====== Data extract ======

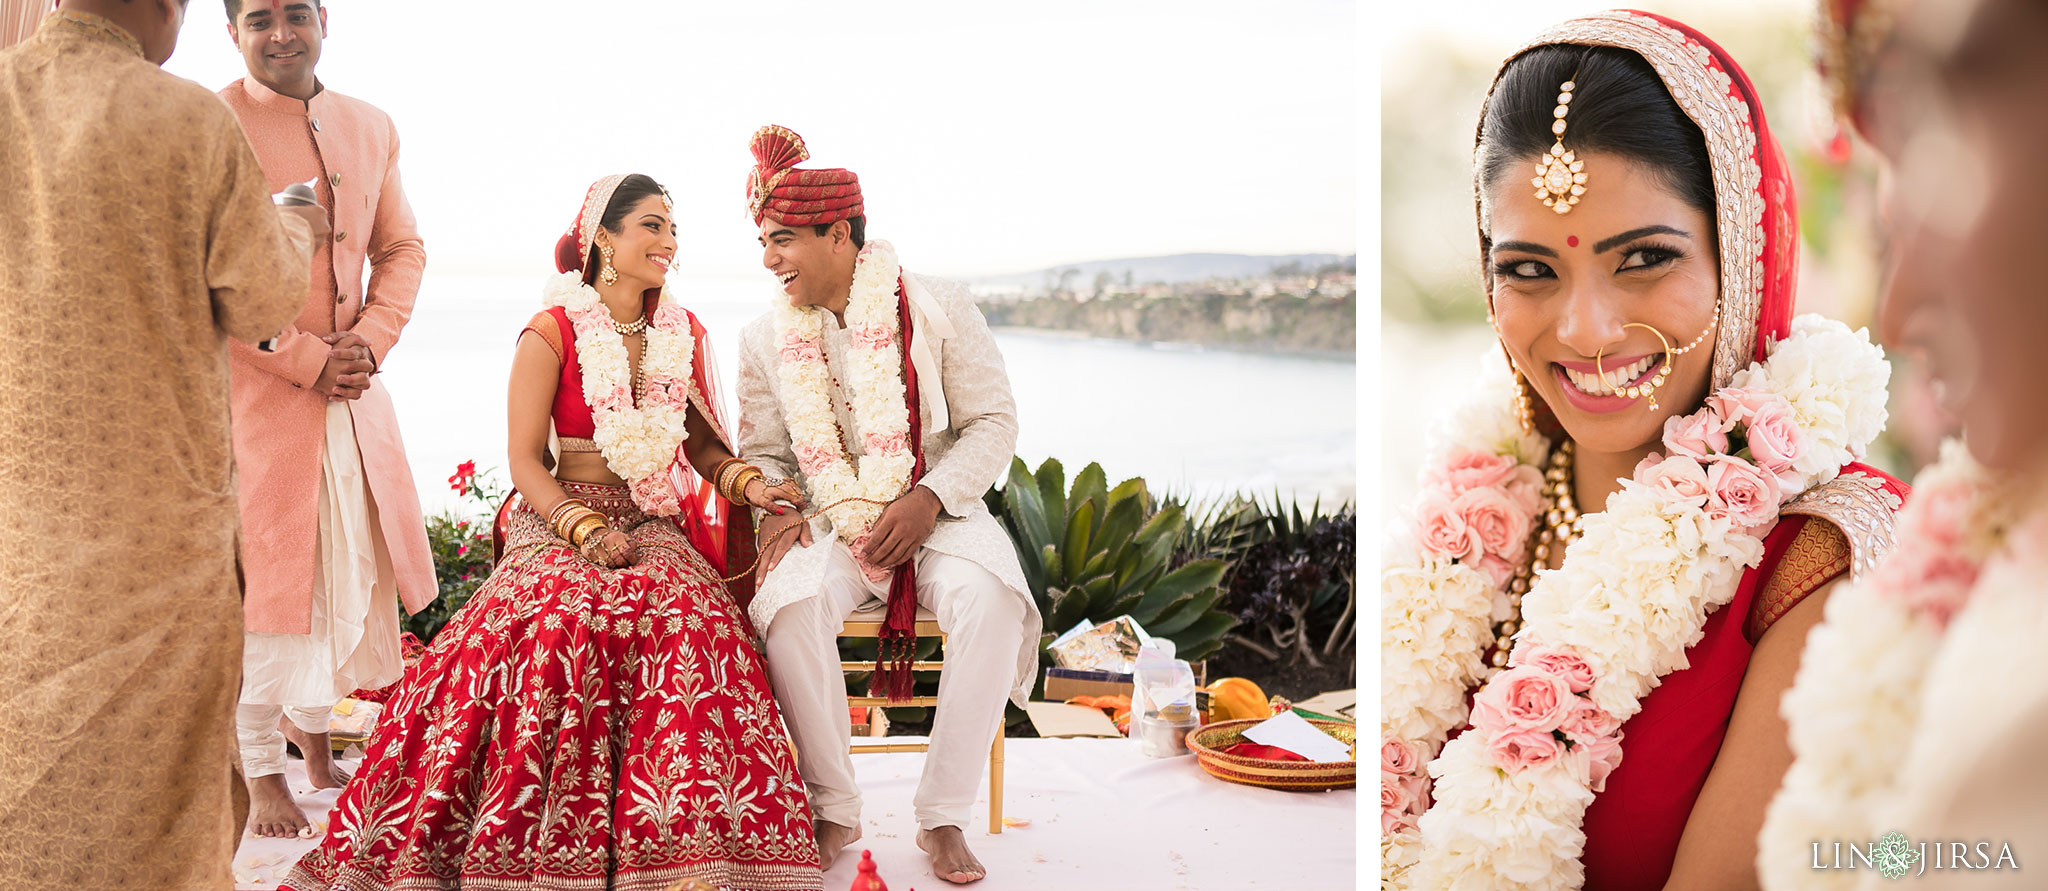 27 ritz carlton laguna niguel indian wedding ceremony photography
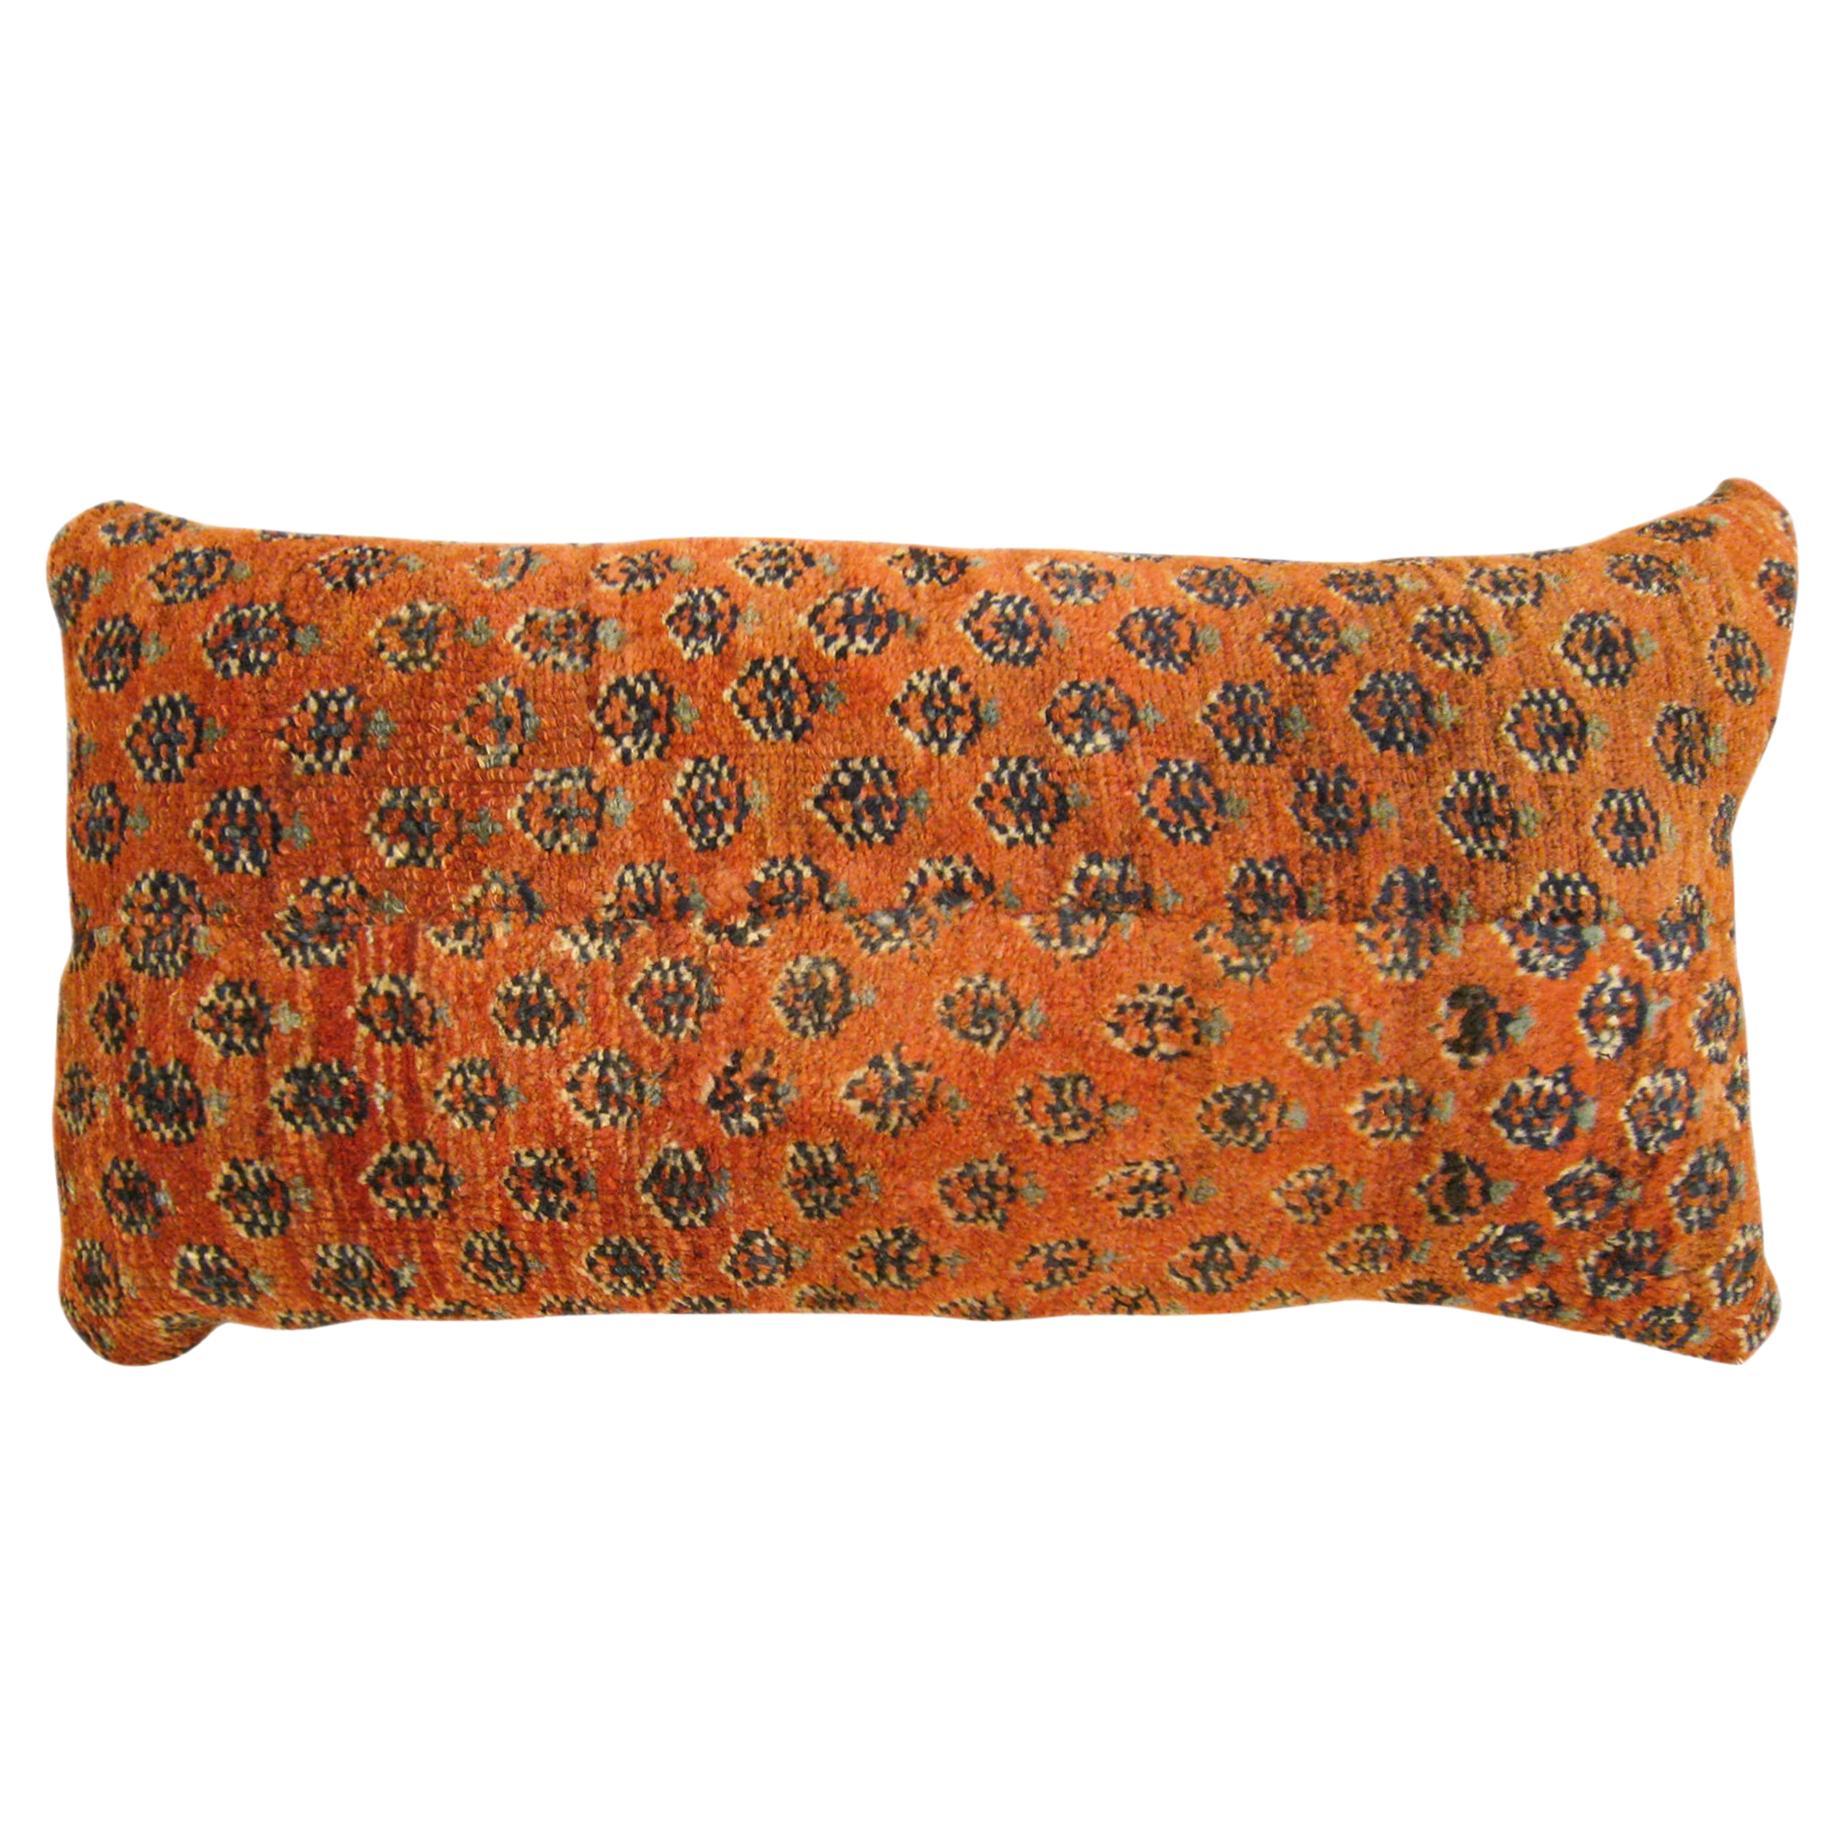 Decorative Antique Persian Saraband Carpet Pillow with Floral Elements
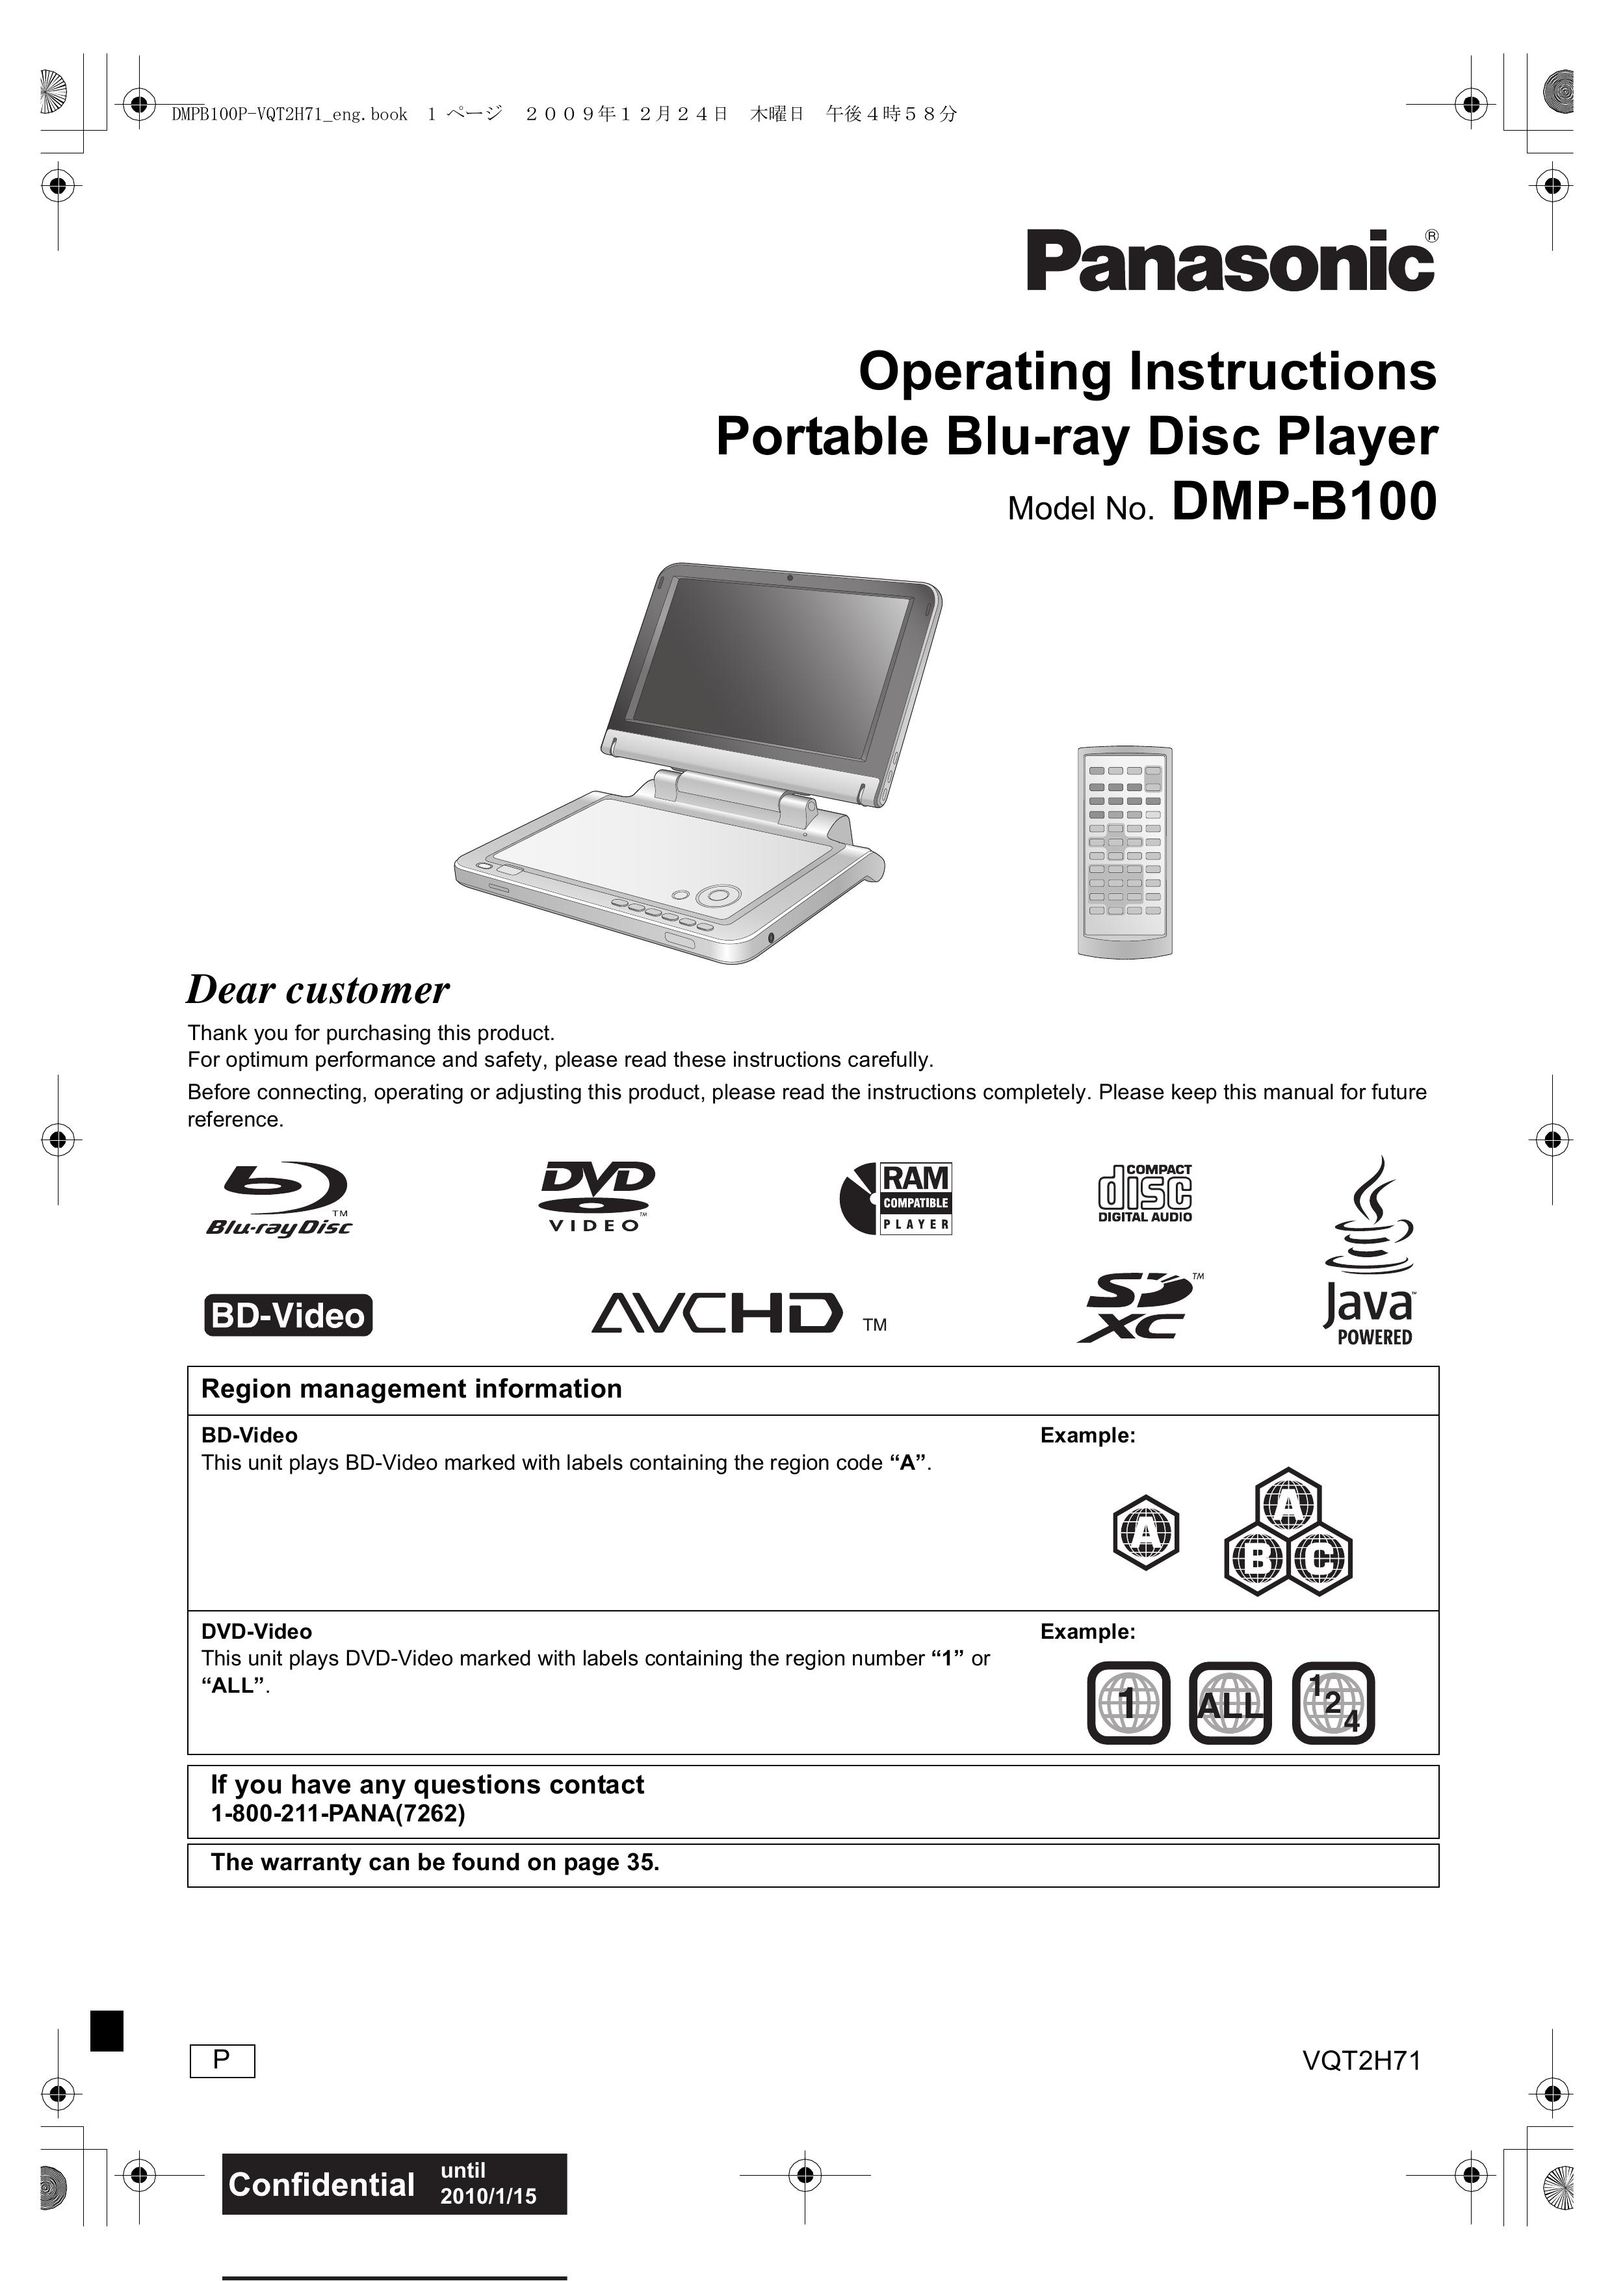 Panasonic DMP-B100 Blu-ray Player User Manual

======

▶ **Try it**
Would you transcribe, exactly and only, the lines from the one that contains "Decorative Antique Persian" through the last line of the data above, without any pictures?

▶ **Solution to this task**
 Decorative Antique Persian Saraband Carpet Pillow with Floral Elements
 Panasonic DMP-B100 Blu-ray Player User Manual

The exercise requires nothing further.